Raise the Green Lantern


Green Lantern #29

A new storyline starts here — “Secret Origin” is meant to be the untold story of Hal Jordan’s life. We see him as a kid, idolizing his pilot father and watching him die in a plane crash. We see him as a teen daredevil, worried over by his mother, resented by his older brother, and looked up to by his little brother. We see him bailing on his family at age 18 to join the Air Force, where he crashes planes, fights with Marines (including future Green Lantern John Stewart) (and is that Radu Stancu, future proprietor of Radu’s Coffee Shop and Kyle Rayner’s landlord tending bar? I do believe it is!), and eventually slugs his commanding officer to get kicked out of the USAF. On top of that, we get a short look at Hal’s GL predecessor Abin Sur interrogating Qull and the demonic Empire of Tears about the dire prophecy of the Blackest Night.
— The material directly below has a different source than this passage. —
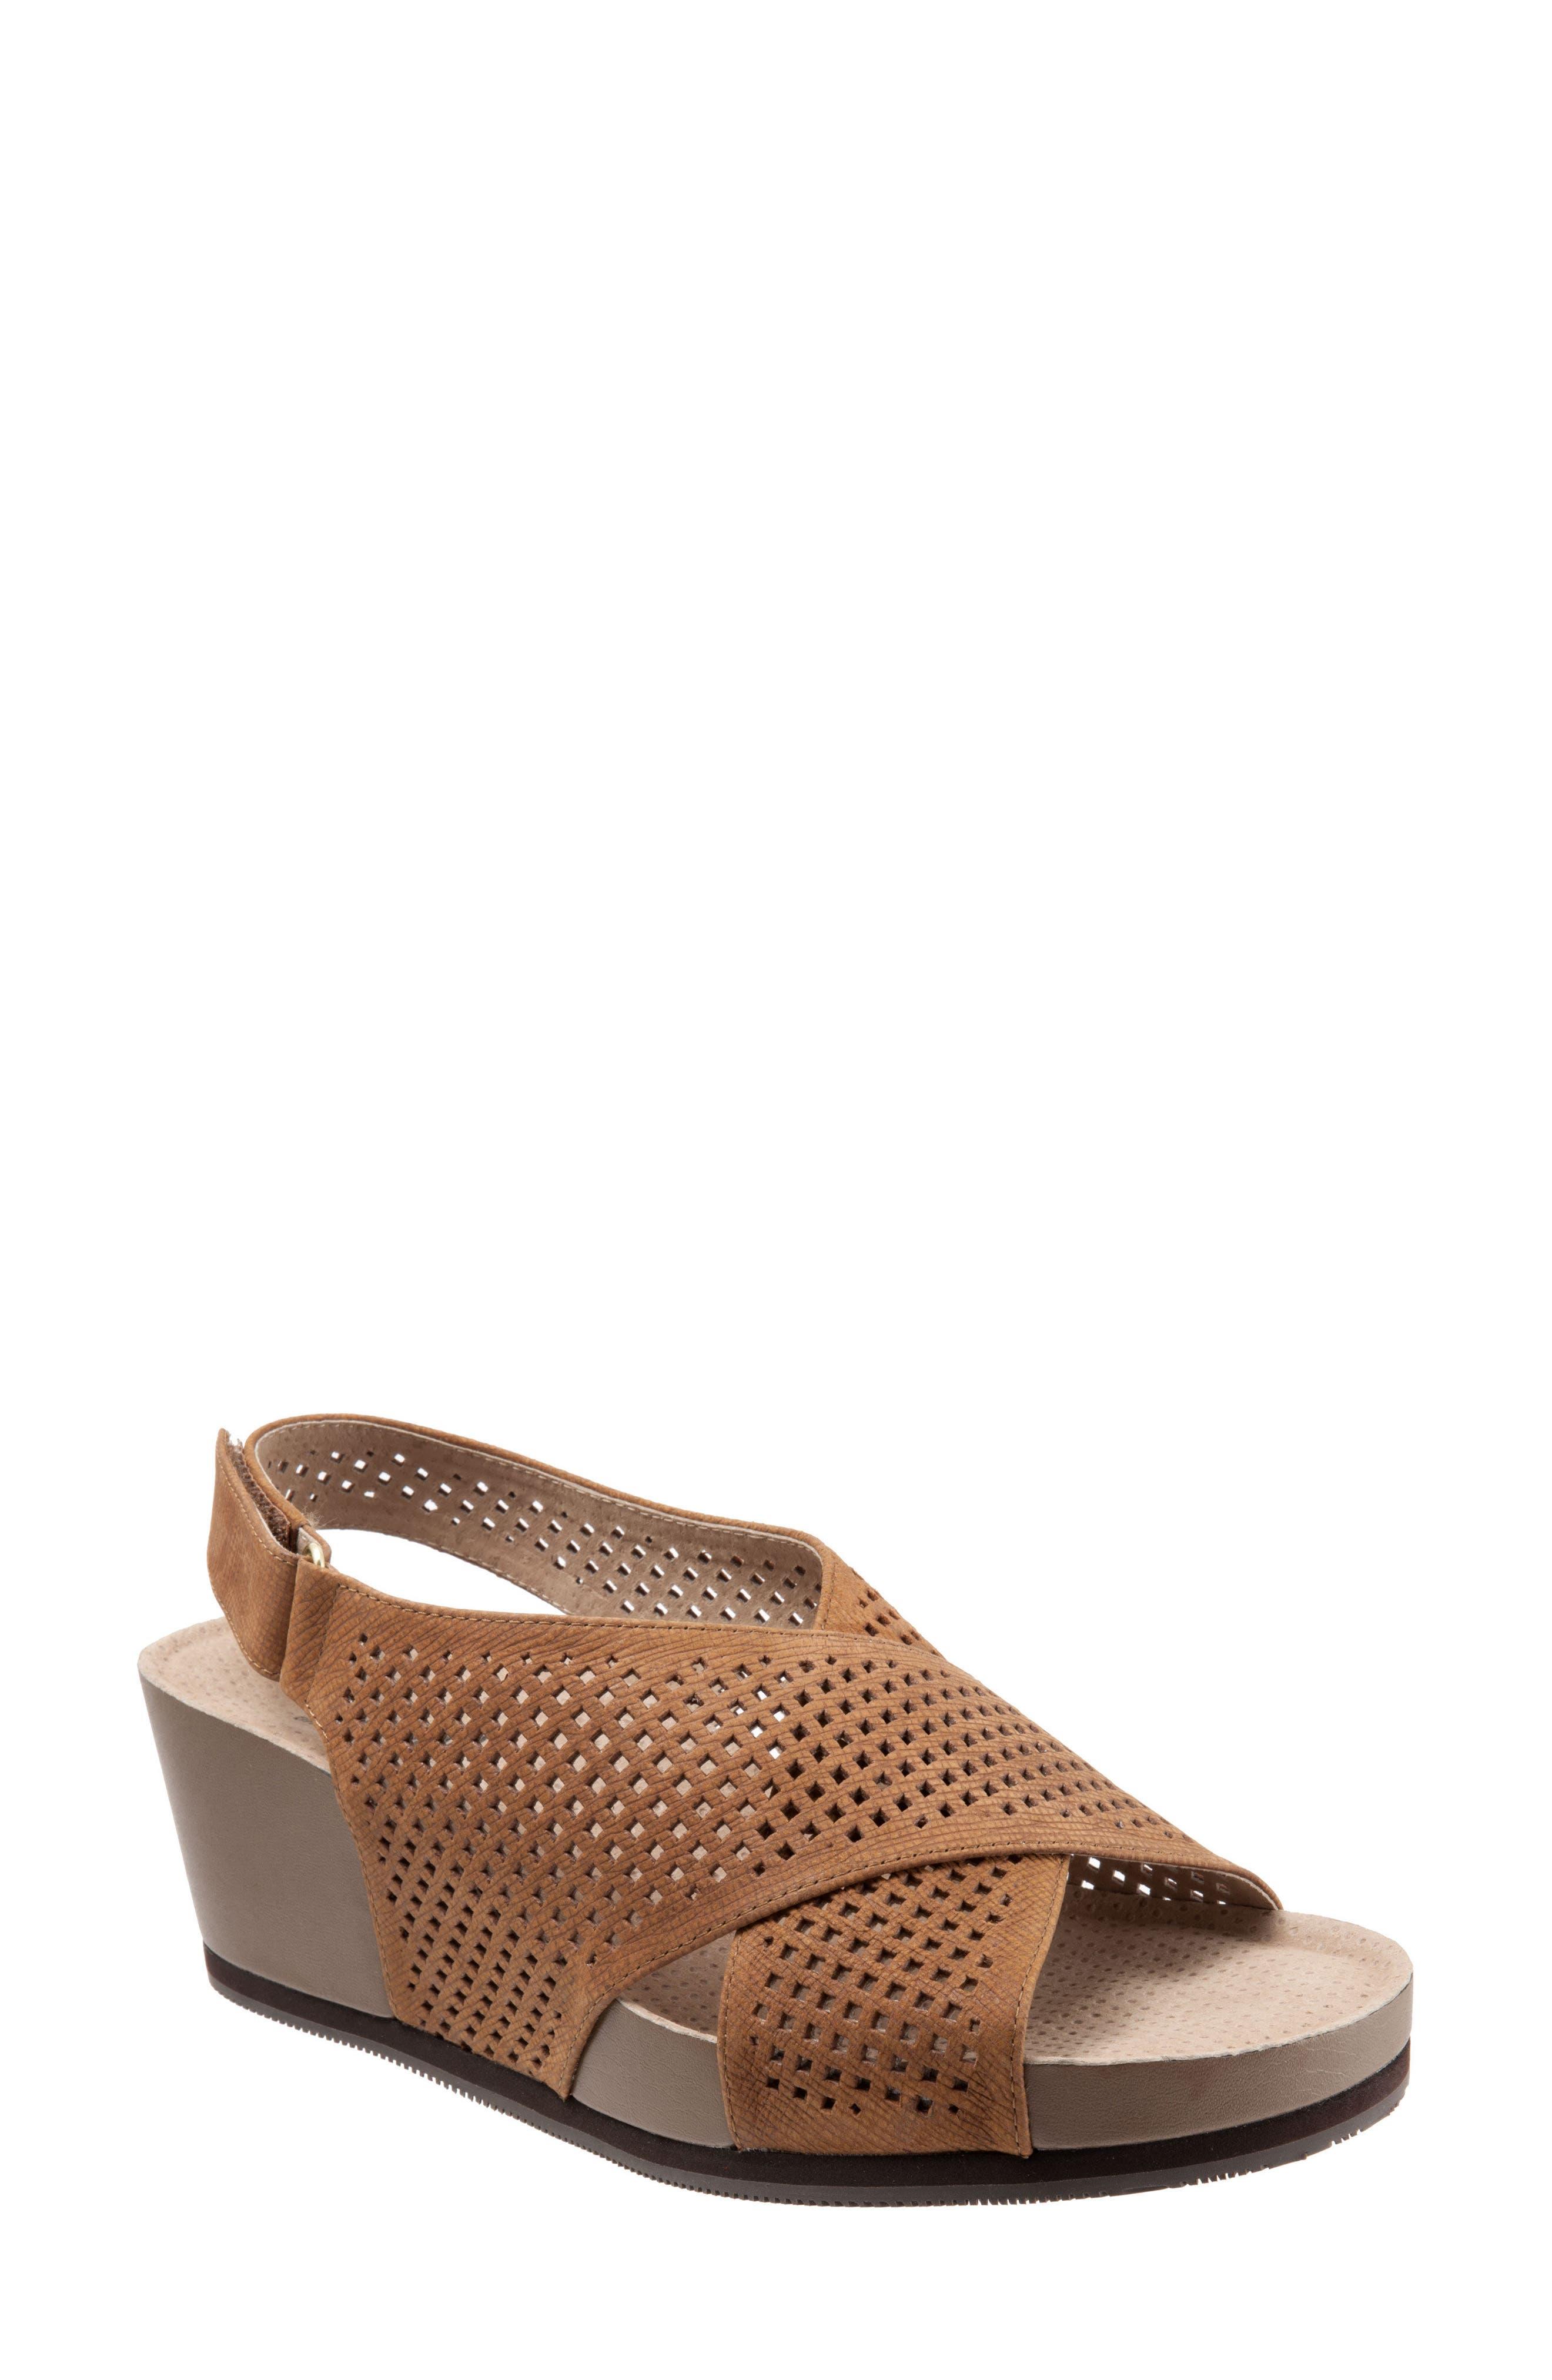 Alternate Image 1 Selected - SoftWalk® Hansford Wedge Sandal (Women)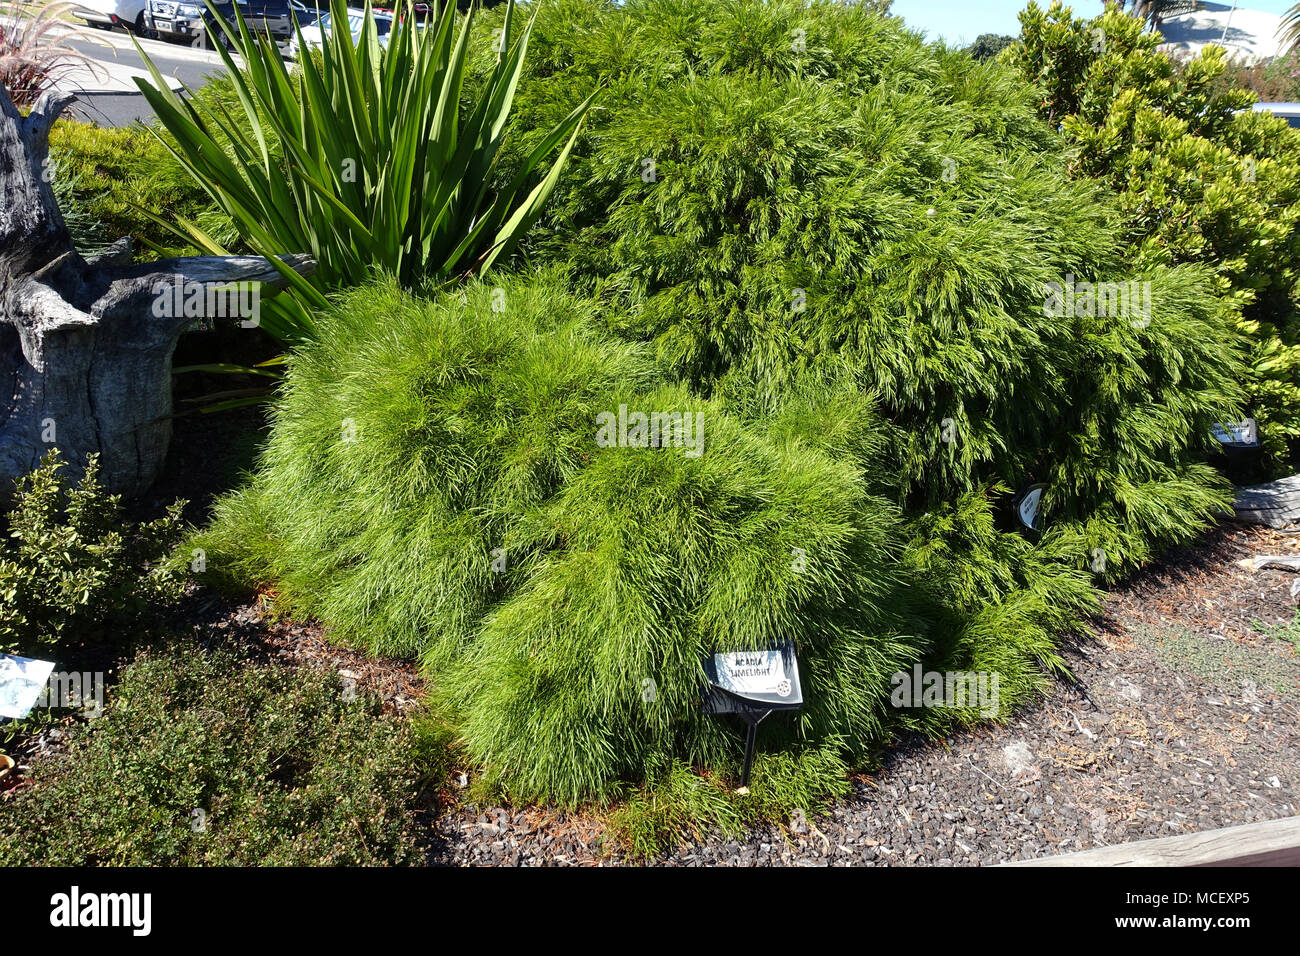 Acacia Cognata Limelight River Wattle Stock Photo 179807885 Alamy

Verdict: Thumbs up. We knew a lot of this already, but the added depth is great for fleshing out Hal’s backstory a bit more. However, I do think that Ragnell is correct that Geoff Johns should’ve done some more research about the Air Force — even I know that a pilot who takes a plane out on an unauthorized joyride and slugs his C.O. is going to be sitting in the stockade, not jaunting off to see his family.


Marvel Atlas #2

I reviewed the first issue of this way, way back in December. Similar to Marvel’s “Official Handbooks of the Marvel Universe,” this focuses on notable countries instead of just people. This issue focuses on Africa, North and South America, and Antarctica. We get a few real countries, like Canada, Egypt, and Peru, plus a number of fictional ones, like Wakanda, Genosha, the Savage Land, and Atlantis. There’s no real plot — a few pictures, a ton of text, a ton of national stats, flags, histories, etc.

Verdict: Thumbs up, but with some reservations. The entries for Canada and the United States, though longer than the other entries, are still mainly a list of names of superheroes and supervillains. Clearly, there’s more Marvel history in those two countries than just about any other. So why shoehorn those two into a book along with the rest of South America and Africa? If I were Marvel, I’da released three volumes for this series instead of just two — one for Europe and Asia, a second for Africa, South America, Australia, and Antarctica, and a third focusing solely on North America. Regionalist, maybe, but this is the sort of project that benefits from being complete, and you don’t get that when you shortchange your most common settings to make ’em fit into a two-issue series.

Nevertheless, this book is great fun. Some of the smaller nations are a bit forgettable, but all the info about Wakanda, Genosha, and the Savage Land make this a Must-Buy purchase.